| Available data |
++++++++++

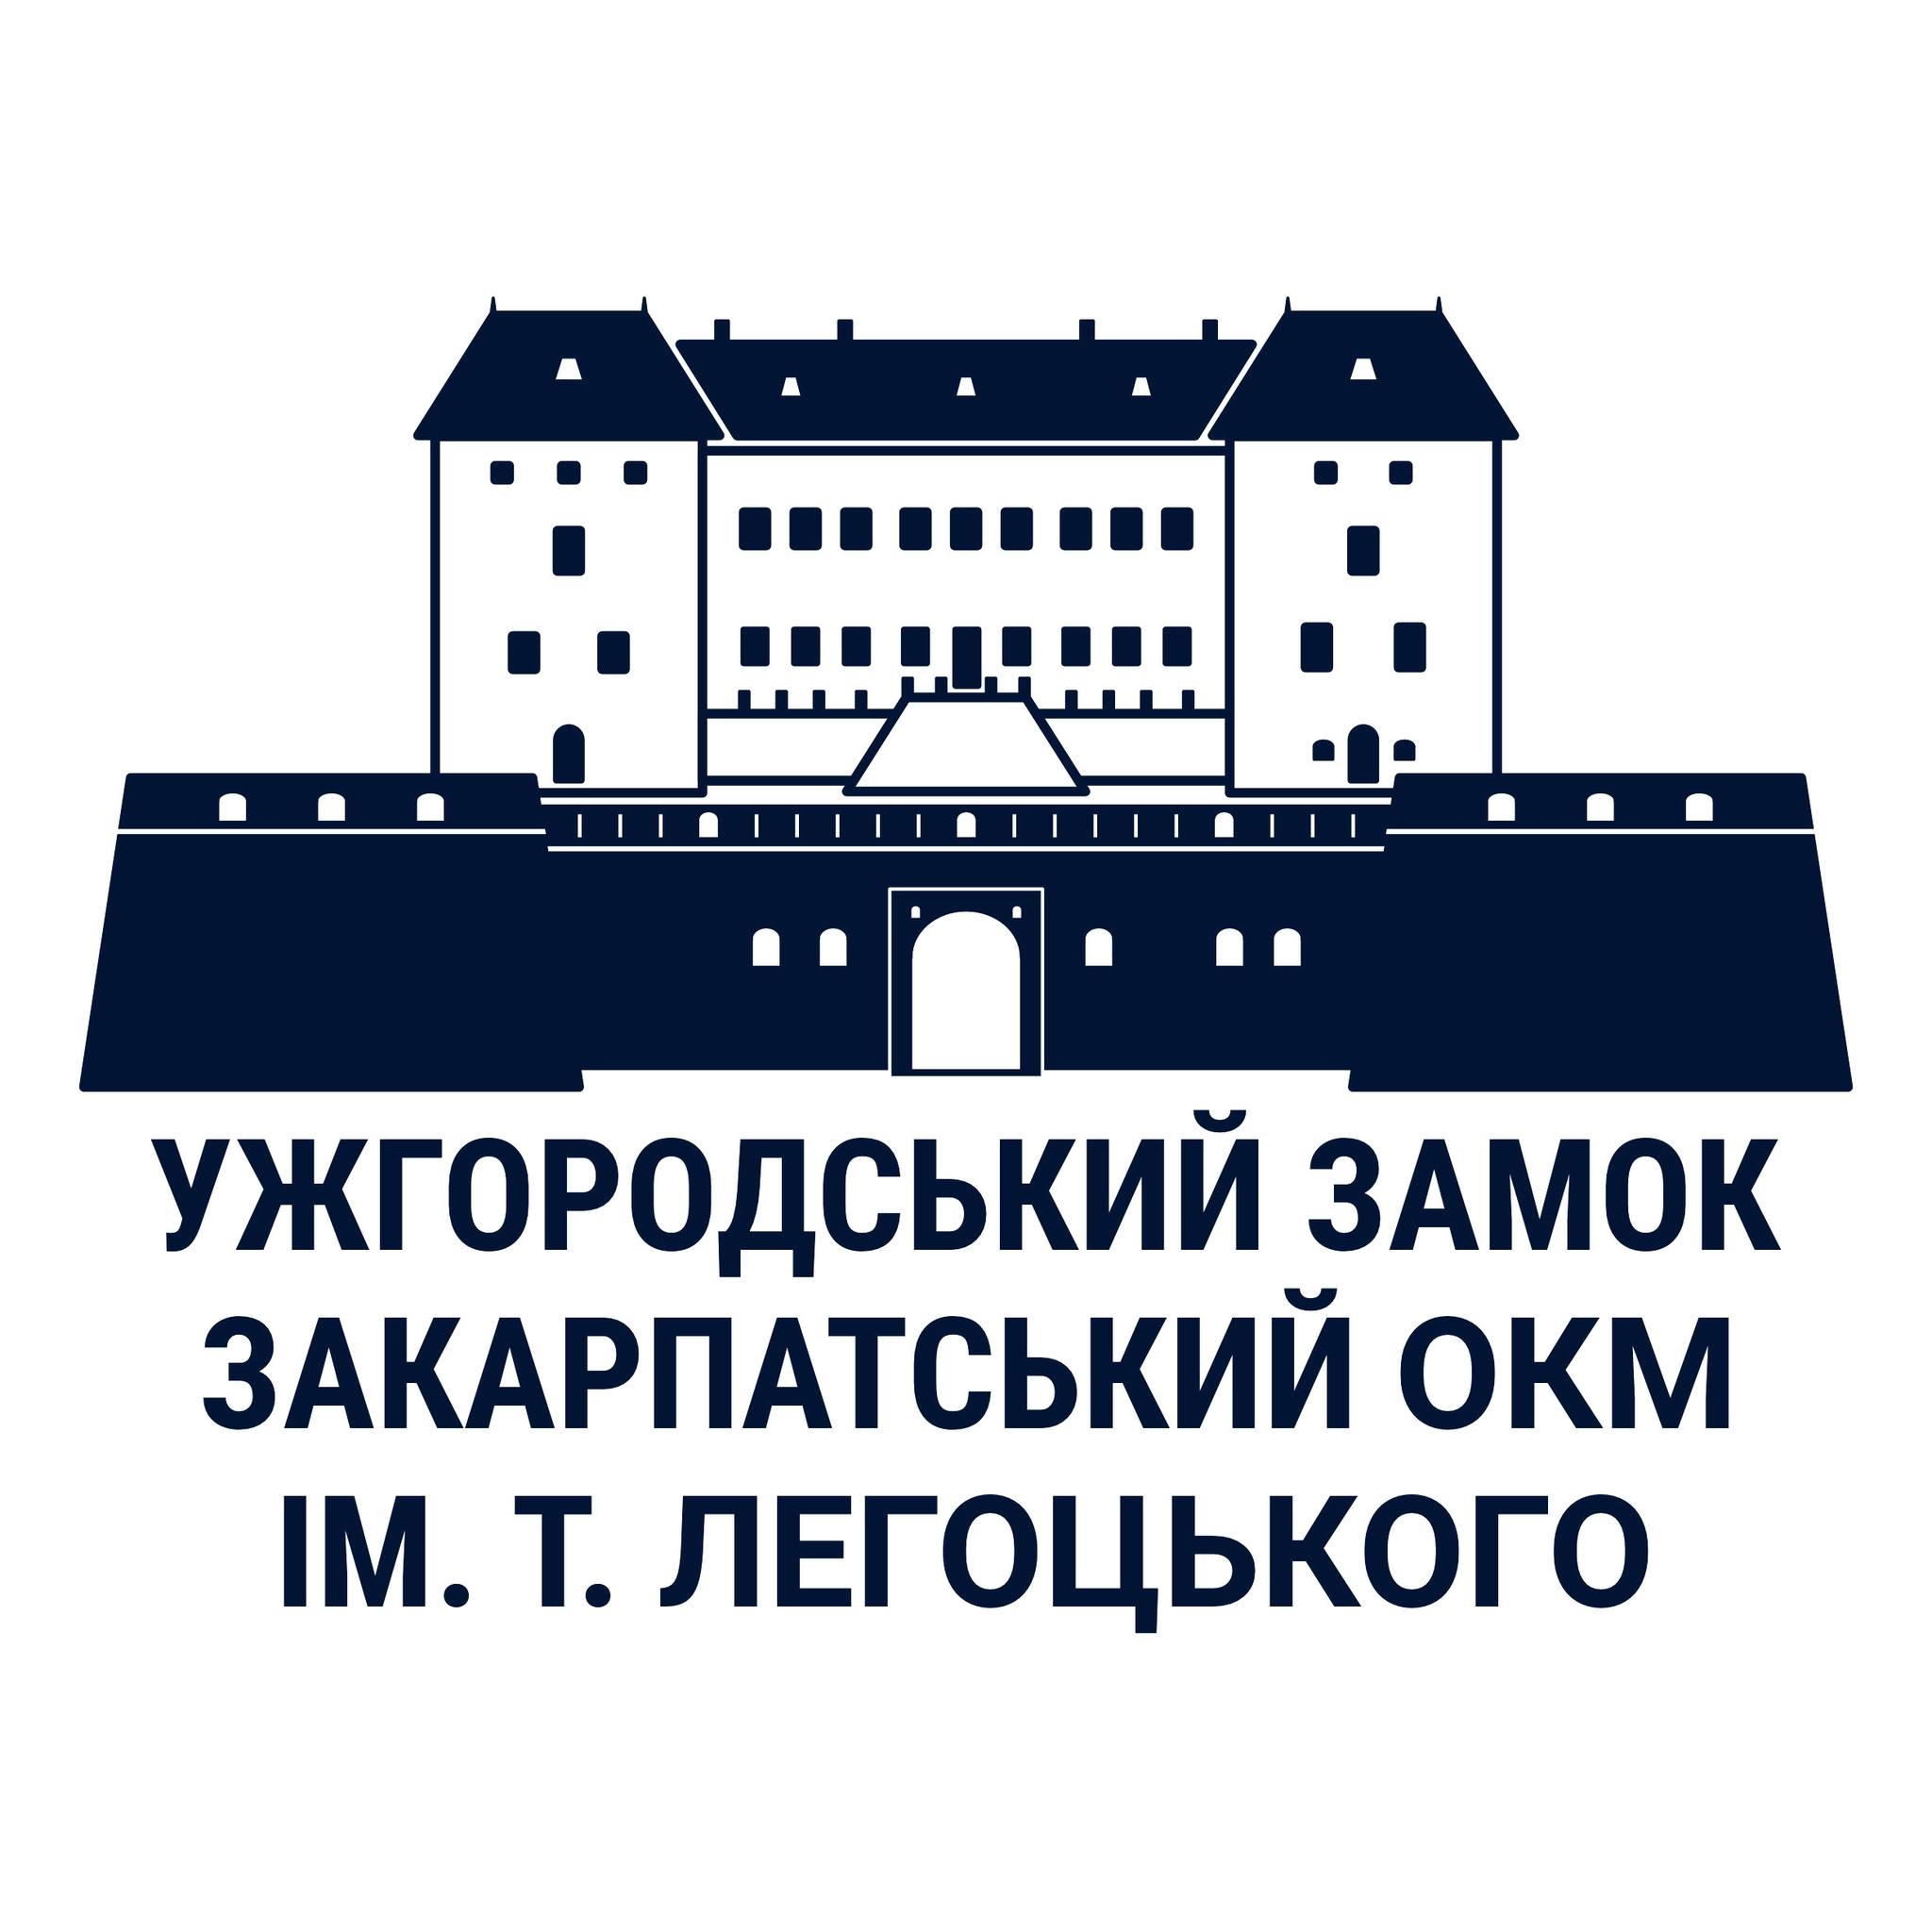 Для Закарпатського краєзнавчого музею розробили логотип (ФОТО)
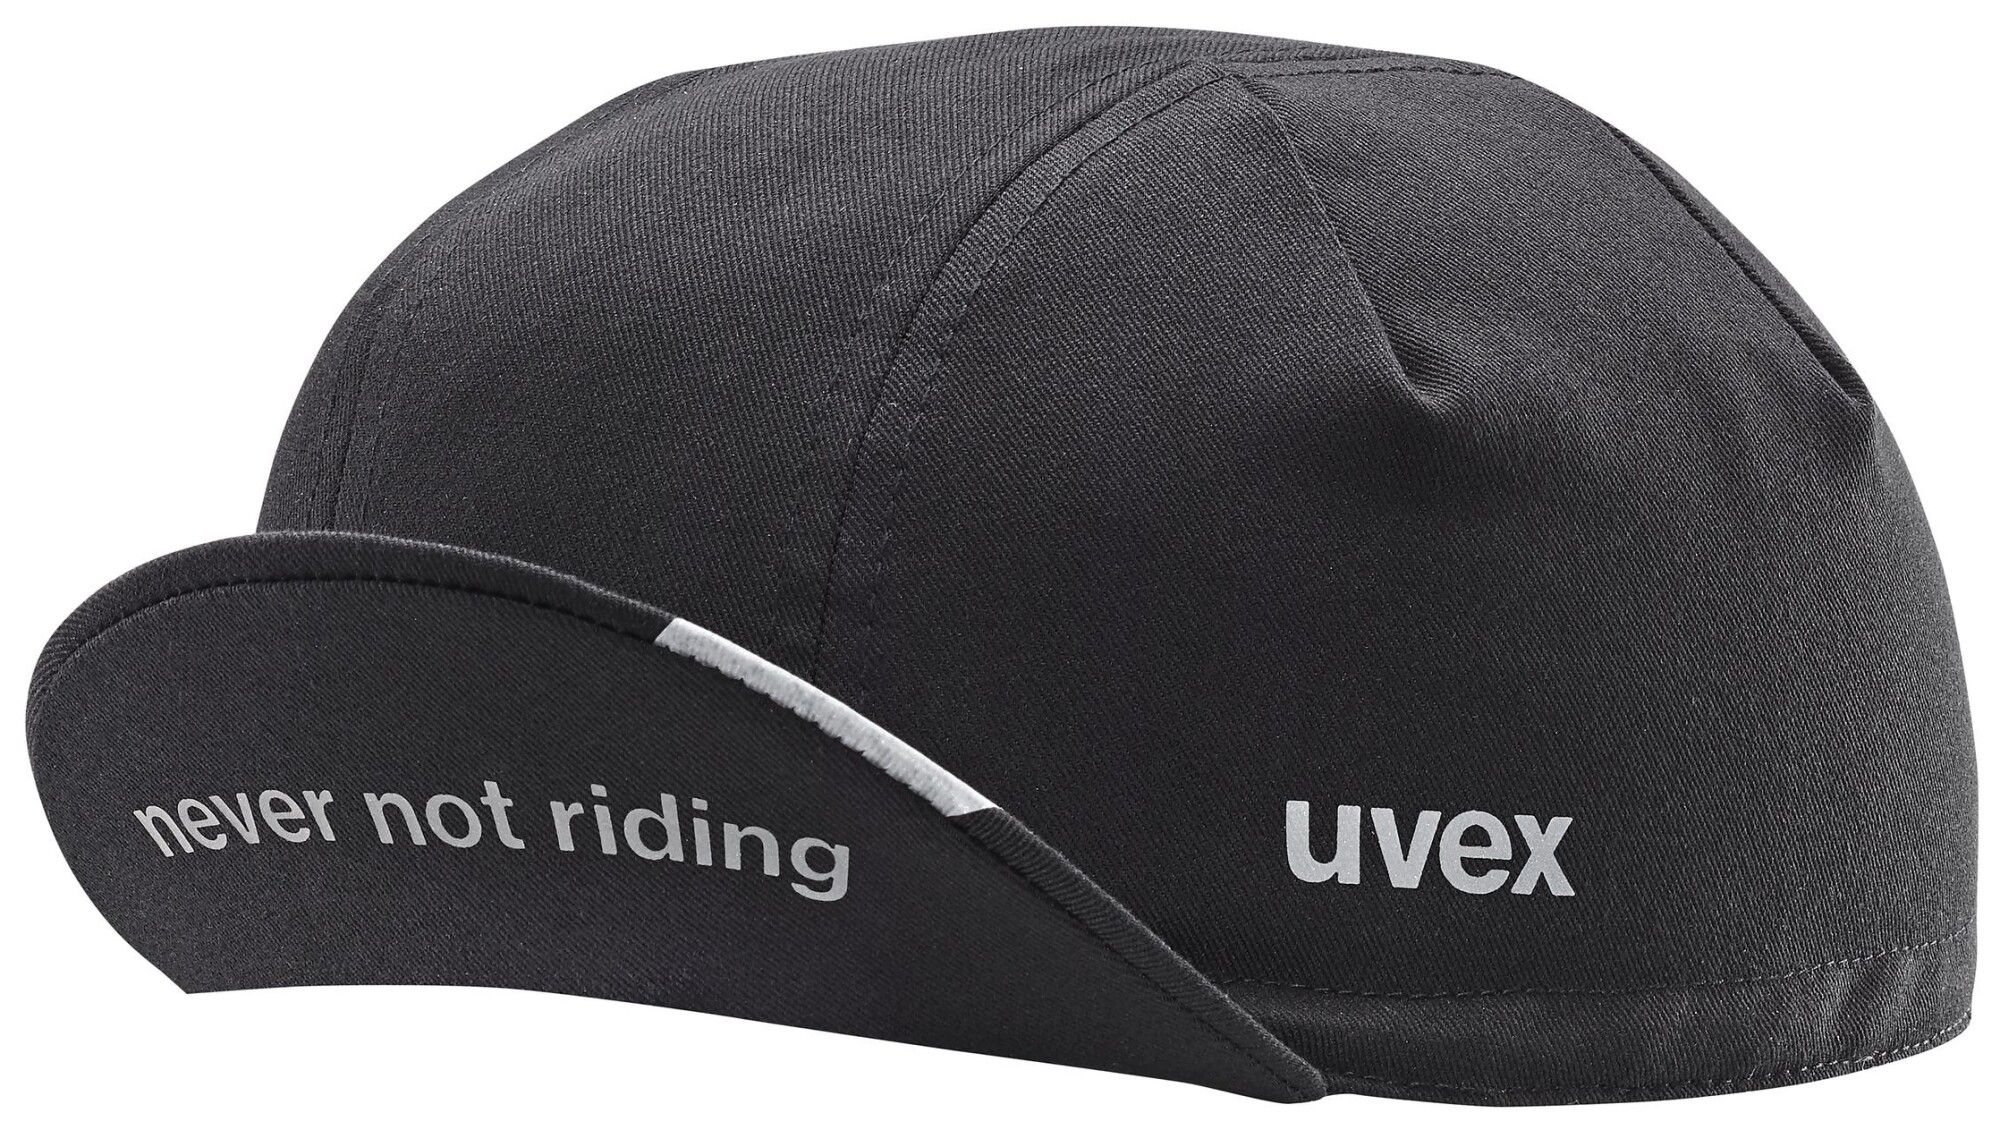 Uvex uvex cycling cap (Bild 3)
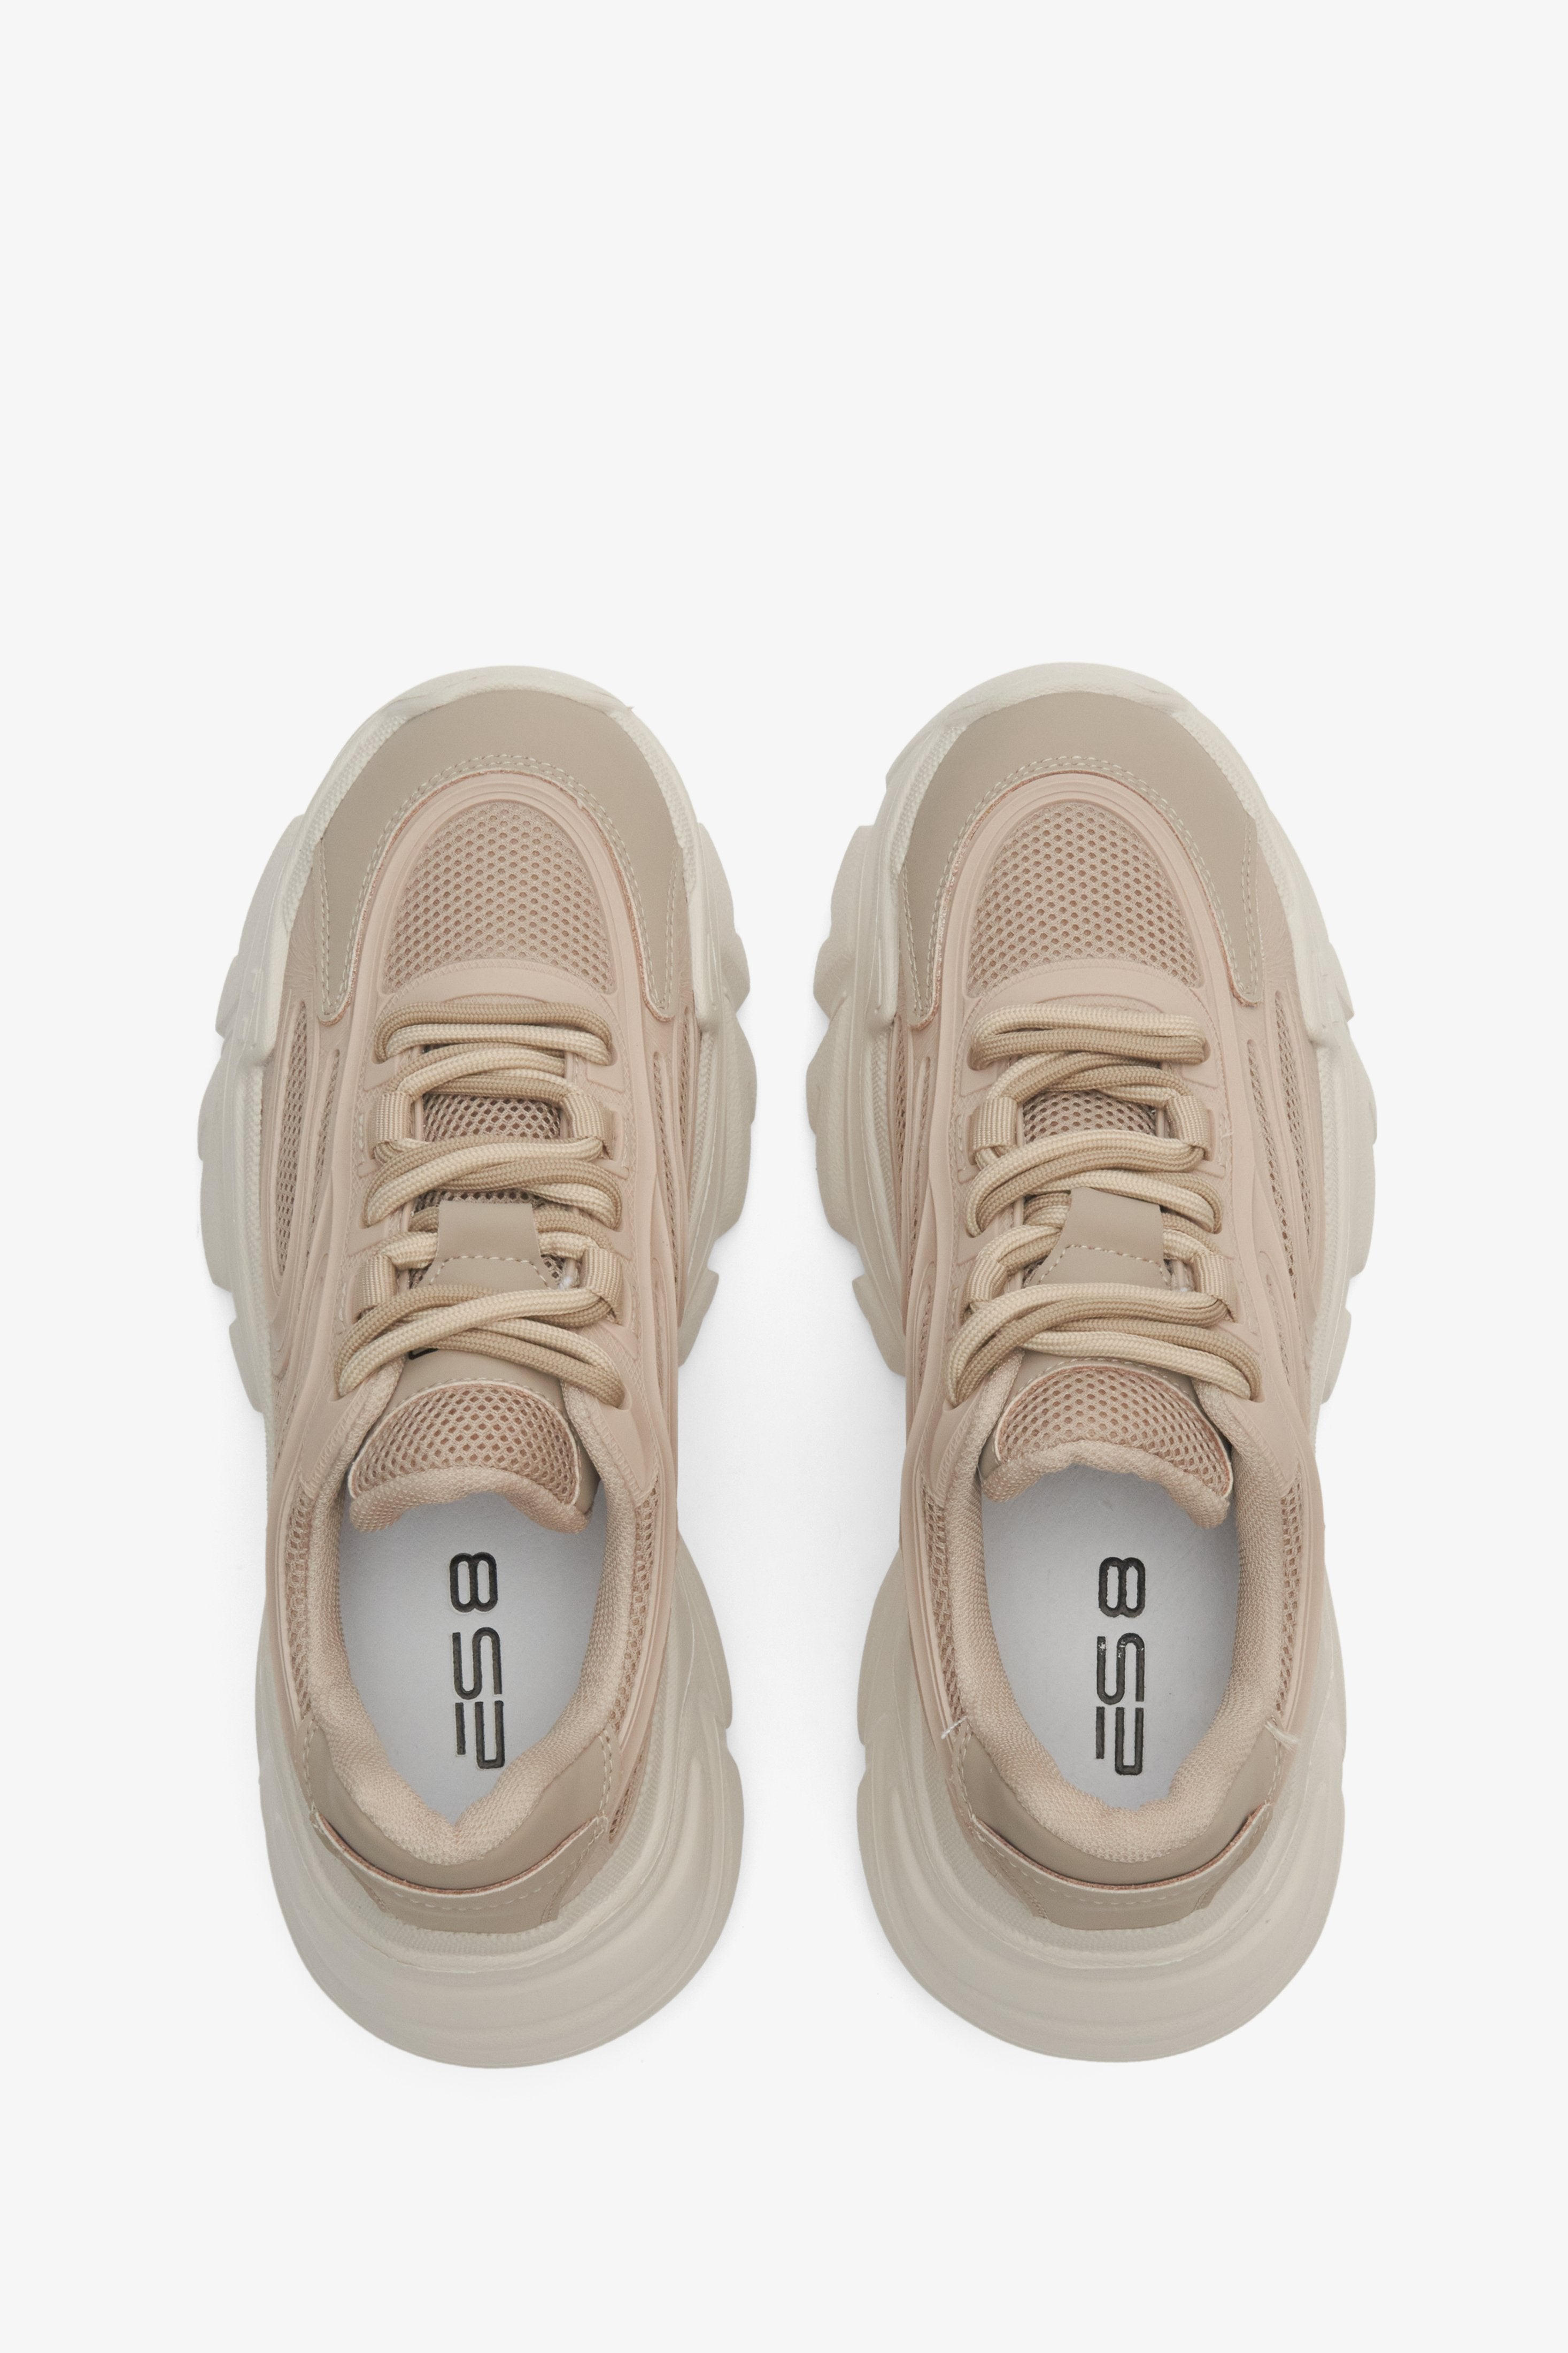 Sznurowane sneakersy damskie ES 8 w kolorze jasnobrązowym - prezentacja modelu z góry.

++++++++++

| Task brief |
From the line containing "Uvex uvex cycling cap (Bild 3)" to the last line of the listing above, transcribe each line exactly, skipping the pictures.

| Task output |
 Uvex uvex cycling cap (Bild 3)
 Sznurowane sneakersy damskie ES 8 w kolorze jasnobrązowym - prezentacja modelu z góry.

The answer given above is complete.